Zwar führt Ajatollah Abdel Aziz Hakim, der Chef des Obersten Islamischen Revolutionsrates SCIRI, die Wahlliste an, aber es wird erwartet, dass er im neuen Irak nur als graue Eminenz die Fäden ziehen wird. Führende Mitglieder der Liste haben sich darauf geeinigt, dass der nächste Ministerpräsident kein Geistlicher sein soll. Uneins ist man sich nur darüber, ob das auch für das ganze Kabinett gelten soll.

Als aussichtsreichste Kandidaten für das Amt des Ministerpräsidenten werden derzeit drei Namen gehandelt: Adel Abdel Mahdi, gegenwärtig Finanzminister und führendes SCIRI-Mitglied, Hussein Scharistani, ehemaliger Nuklearwissenschaftler, der sich mit Saddam überworfen hatte, sowie der Dawa-Präsident und derzeitige Vizepräsident Ibrahim Jaaferi, der von Beruf Arzt ist. Alle gelten als säkular. Mahdi kommt aus dem kanadischen Exil, ist mit einer Kanadierin verheiratet und hat in seiner Jugend mit sozialistischen Ideen geflirtet.

Die säkulare Ausrichtung der voraussichtlichen Wahlsieger ist im Realitätssinn der Schiiten begründet. Sie möchten im politischen Tagesgeschäft nicht vom Klerus geführt werden. Ein kurzer Blick auf den Nachbarn Iran ist den meisten genug, davon Abstand zu nehmen. Die Schiiten wissen, dass die eigentlichen Herren im Haus, die US-Besatzer, kaum eine irakische Regierung à la Teheran akzeptieren würden. Die Kurden, die die neue Regierung auf jeden Fall als Koalitionspartner braucht, würden ebenfalls nicht mitmachen. Eine schiitische Geistlichkeit als Regierung würde kurdische Unabhängigkeitsbestrebungen nur noch mehr verstärken.
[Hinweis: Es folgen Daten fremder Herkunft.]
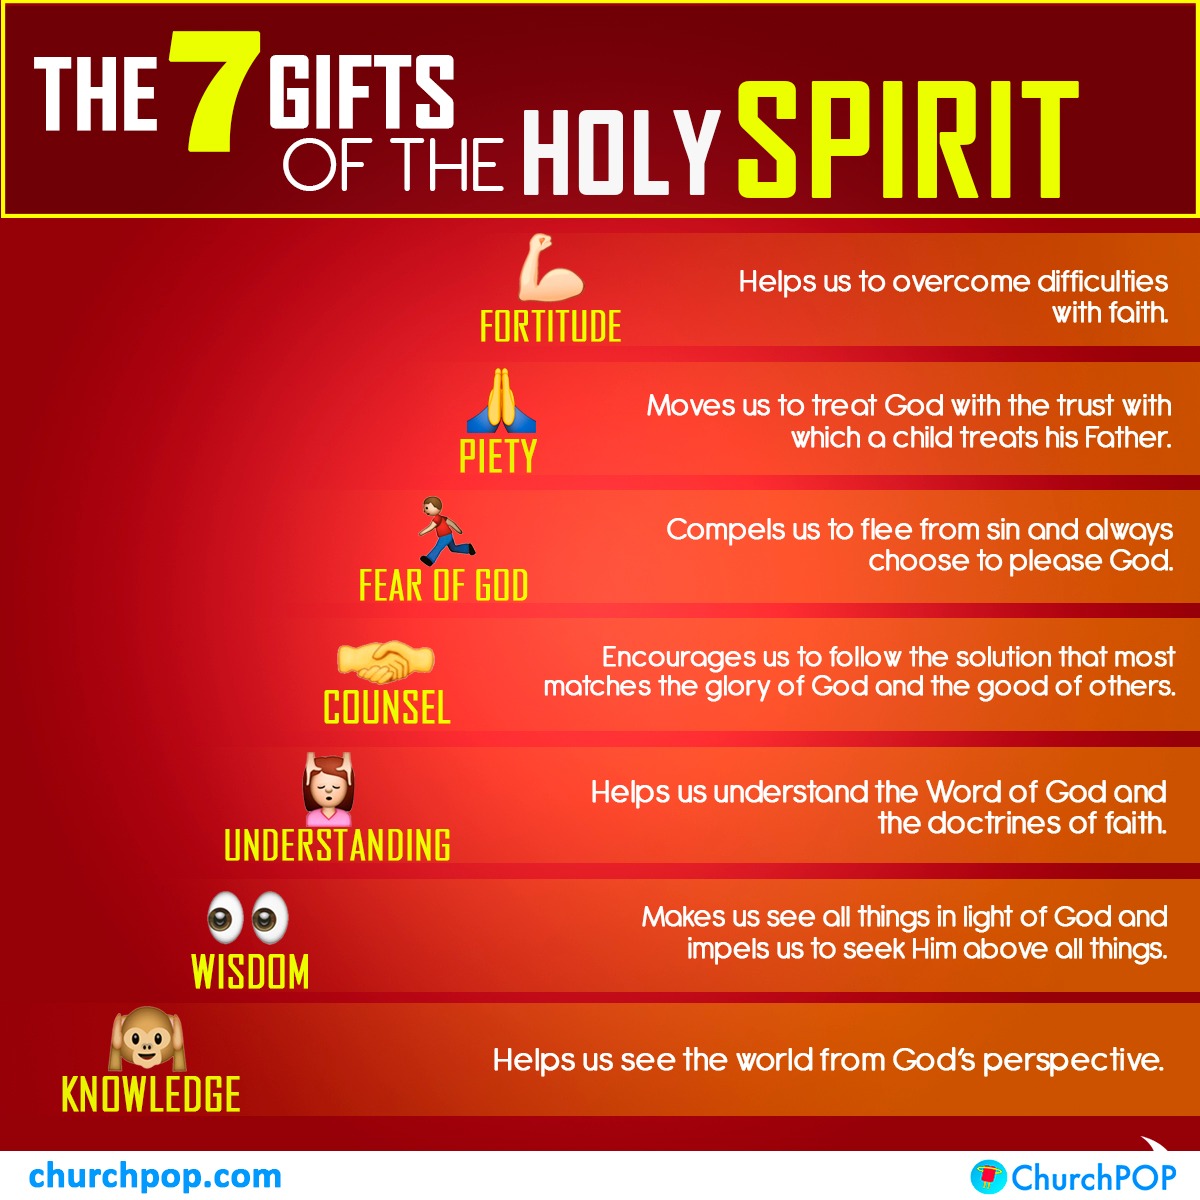 the-7-gifts-of-the-holy-spirit-every-catholic-needs-to-know-in-one-infographic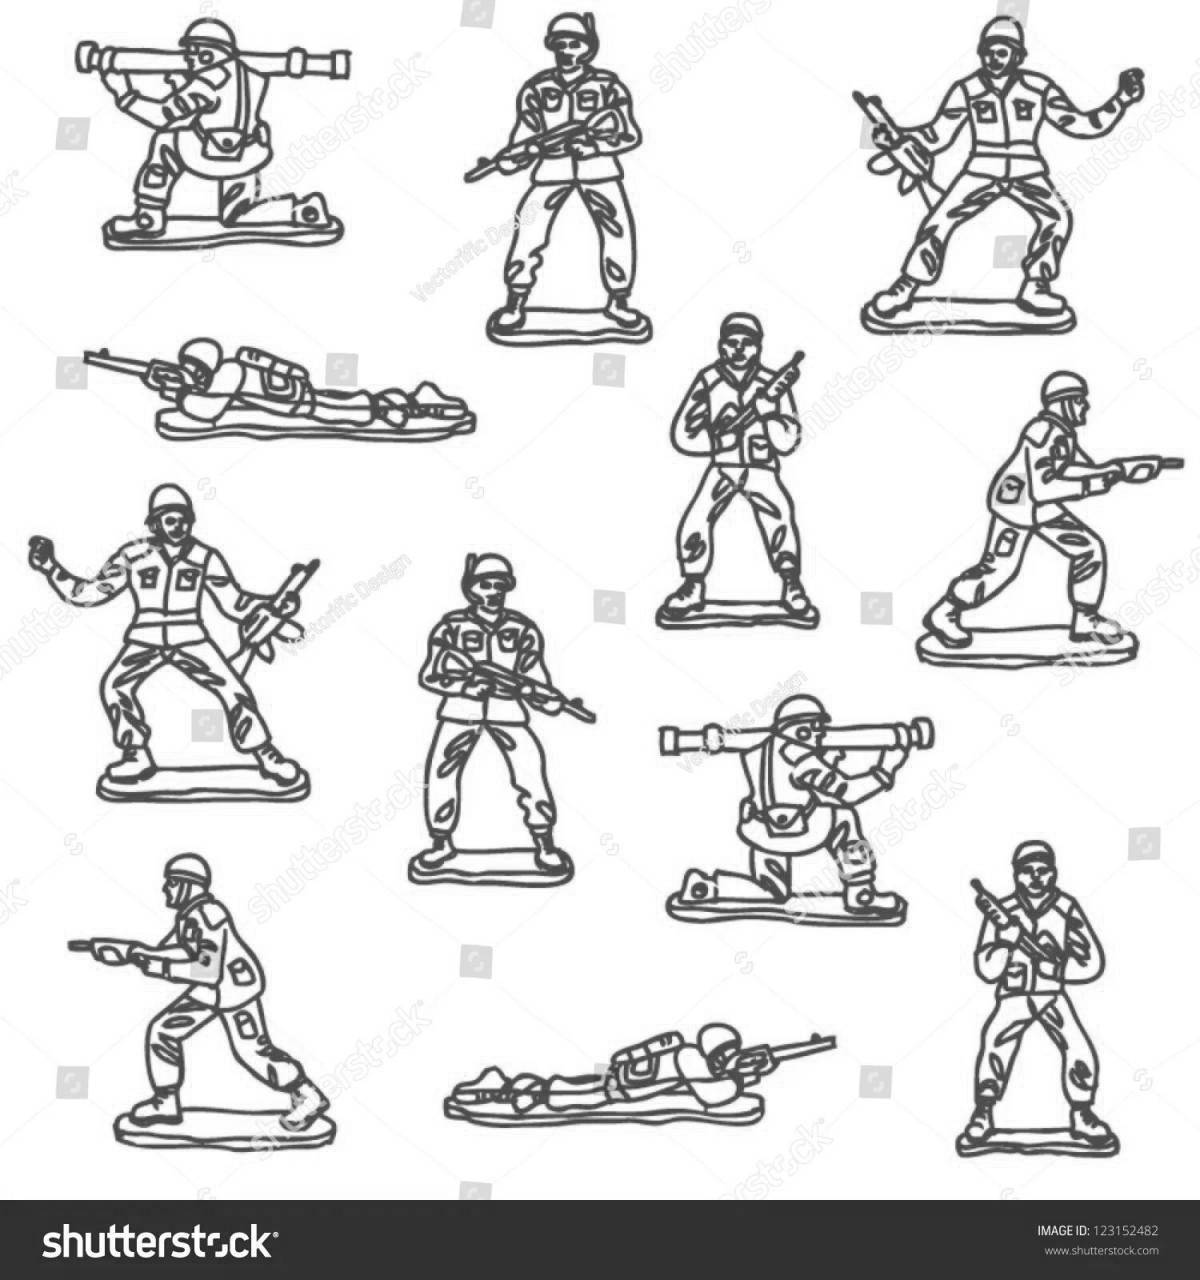 Magic toy soldiers coloring book for boys

Auch die sunnitischen arabischen Nachbarstaaten betrachten eine schiitische Macht in Bagdad mit allergrößtem Misstrauen. Das Gebot der Stunde für die irakischen Schiiten lautet also: moderat und bescheiden bleiben. Kein Wunder also, dass ihre politische Elite immer wieder betont, dass der Irak ein multireligiöser und multiethnischer Staat sei und auch die schiitische Mehrheit diesem Umstand Rechnung tragen werde.

Die Frage ist, wie lange dieser schiitische Konsens, die Geistlichkeit weitgehend aus der Politik herauszuhalten und trotz eines Wahlsieges nicht in Triumph gegenüber anderen zu verfallen, anhalten wird. Der Testlauf dafür steht schon bald an: Die wichtigste Aufgabe des neuen Parlaments, dessen Legislaturperiode laut Plan nur elf Monate dauern wird, ist es, dem Land eine neue, endgültige Verfassung zu geben. Dabei wird es auch darum gehen, die Rolle der Religion im Staat zu definieren. Für die Schiiten eine einzigartige Chance, dem Land auf Dauer ihren Stempel aufzudrücken. Spätestens dann wird sich auch zeigen, ob sich die Ajatollahs, wie jetzt ausgemacht, weiterhin damit begnügen, als spirituelle Vaterfiguren im Hintergrund zu wirken.